Drupal 7 makes life easier with an enhanced drupal_add_css function. CSS files can now be added to groups and then weighted within those groups to control the order of their presentation. Three numeric constants for groups are provided:
CSS_SYSTEM: Any system-layer CSS.CSS_DEFAULT: Any module-layer CSS.CSS_THEME: Any theme-layer CSS.

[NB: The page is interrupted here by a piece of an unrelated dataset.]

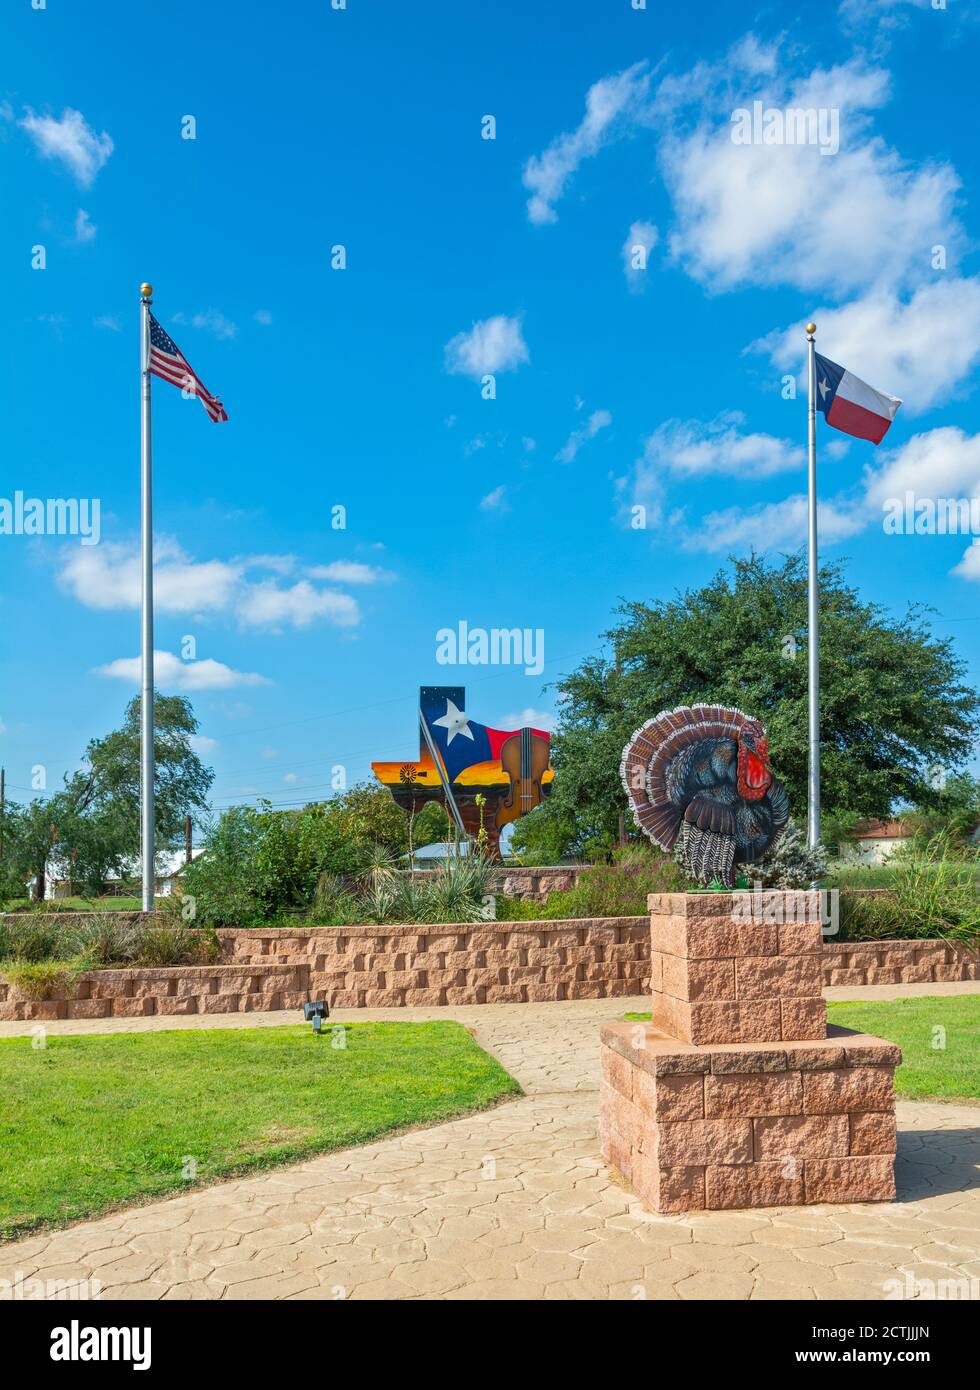 Texas, Hall County, Turkey, Welcome Plaza Stock Photo
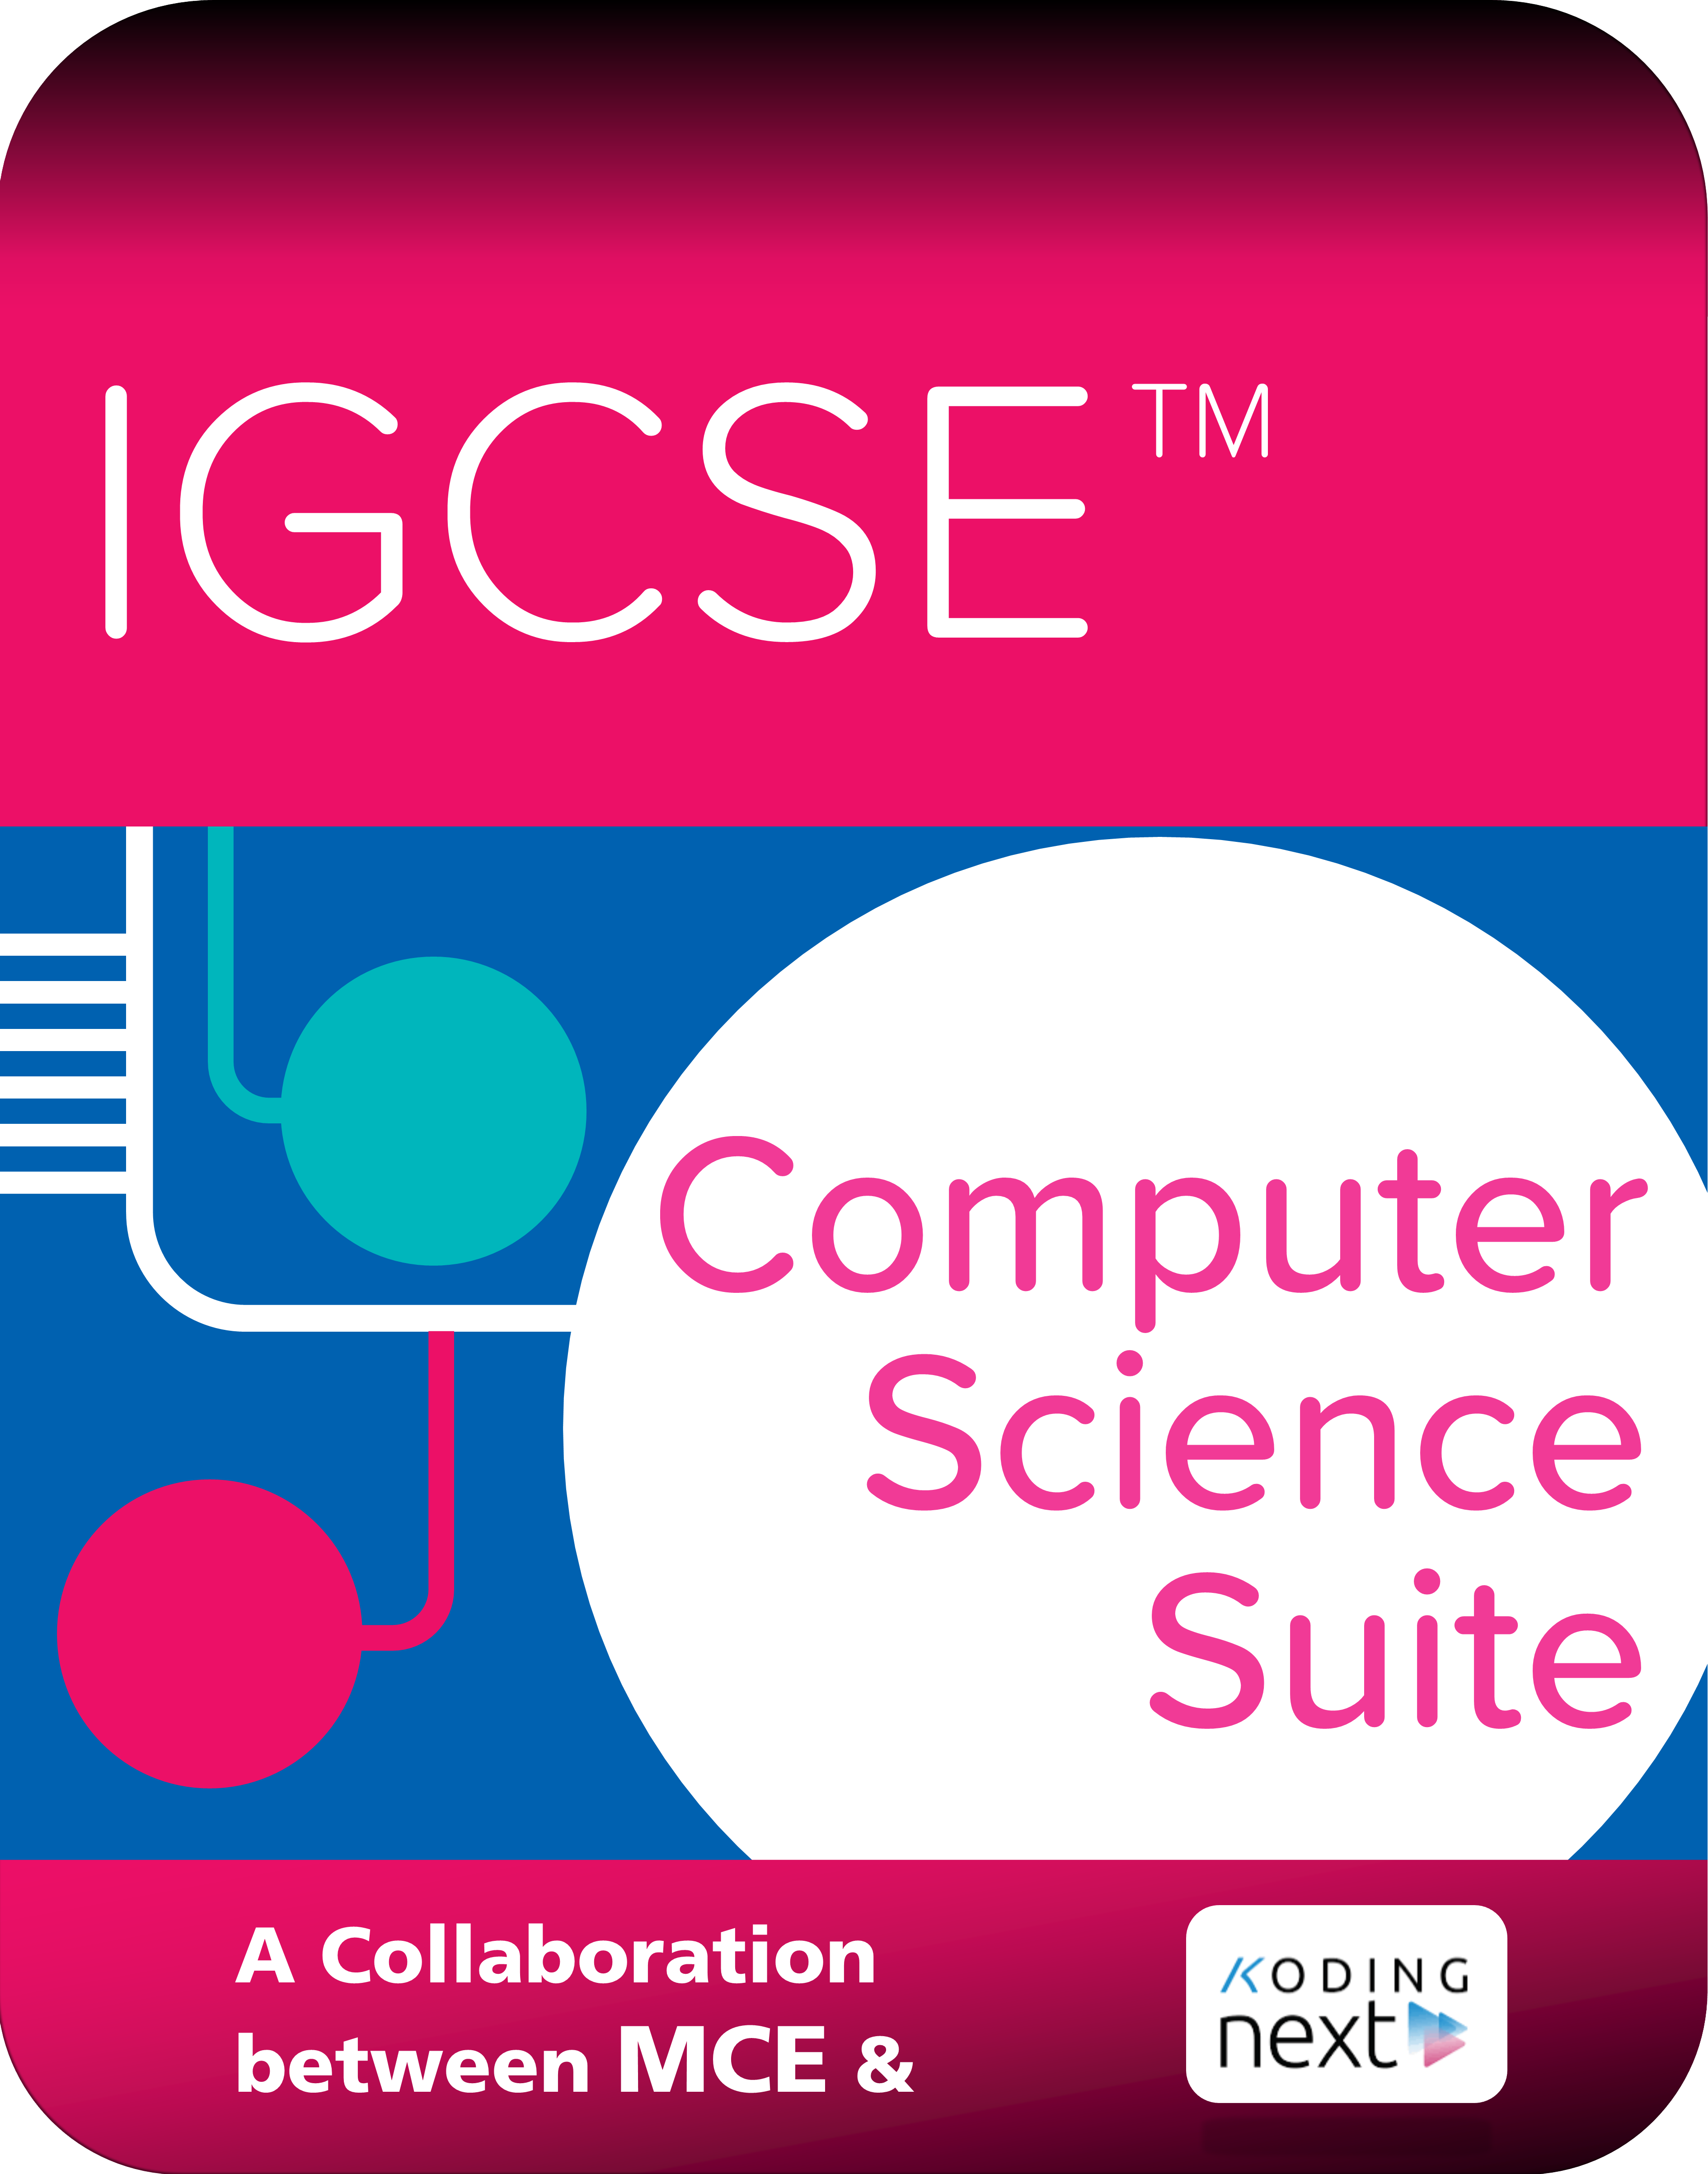 igcse computer science suite

This is the actual ordering of the groups; stylesheets in the CSS_SYSTEM will be added first, followed by those in the CSS_DEFAULT group, and finally by your theme’s CSS files which are automatically added to the CSS_THEME group. At first glance, this may not appear to help much, but your theme can put its stylesheets in groups other than CSS_THEME. Consider this code snipet from a template.php file:
/** * Preprocesses the wrapping HTML. * * @param array &$variables * Template variables. */ function yourtheme_preprocess_html(&$variables) { $reset = drupal_get_path("theme", "yourtheme") . "/reset.css"; $options = array( 'group' => CSS_SYSTEM, 'weight' => -10, ); drupal_add_css($reset, $options); }
Assuming that your reset.css is listed in yourtheme.info file (required in Drupal 7), your reset is moved to the same group as Drupal’s system CSS files. So what weight should you use to make sure your CSS gets loaded first? Well, really, you don’t know unless you dig through Drupal’s source to figure out how the system stylesheets are weighted.
Or you can get a bit promiscuous.
Remember that those stylesheet groups are actually numeric? CSS_SYSTEM, CSS_DEFAULT, and CSS_THEME are (currently) the numbers -100, 0, and 100, respectively. The groups are output by their natural numeric ordering, so let’s change one line in the example above:
/** * Preprocesses the wrapping HTML. * * @param array &$variables * Template variables. */ function yourtheme_preprocess_html(&$variables) { $reset = drupal_get_path("theme", "yourtheme") . "/reset.css"; $options = array( 'group' => CSS_SYSTEM - 1, 'weight' => -10, ); drupal_add_css($reset, $options); }
We’ve changed the group from CSS_SYSTEM to CSS_SYSTEM - 1 , giving it a value of -101. This creates a new grouping that is numerically less than CSS_SYSTEM causing our reset to be output before the system stylesheets.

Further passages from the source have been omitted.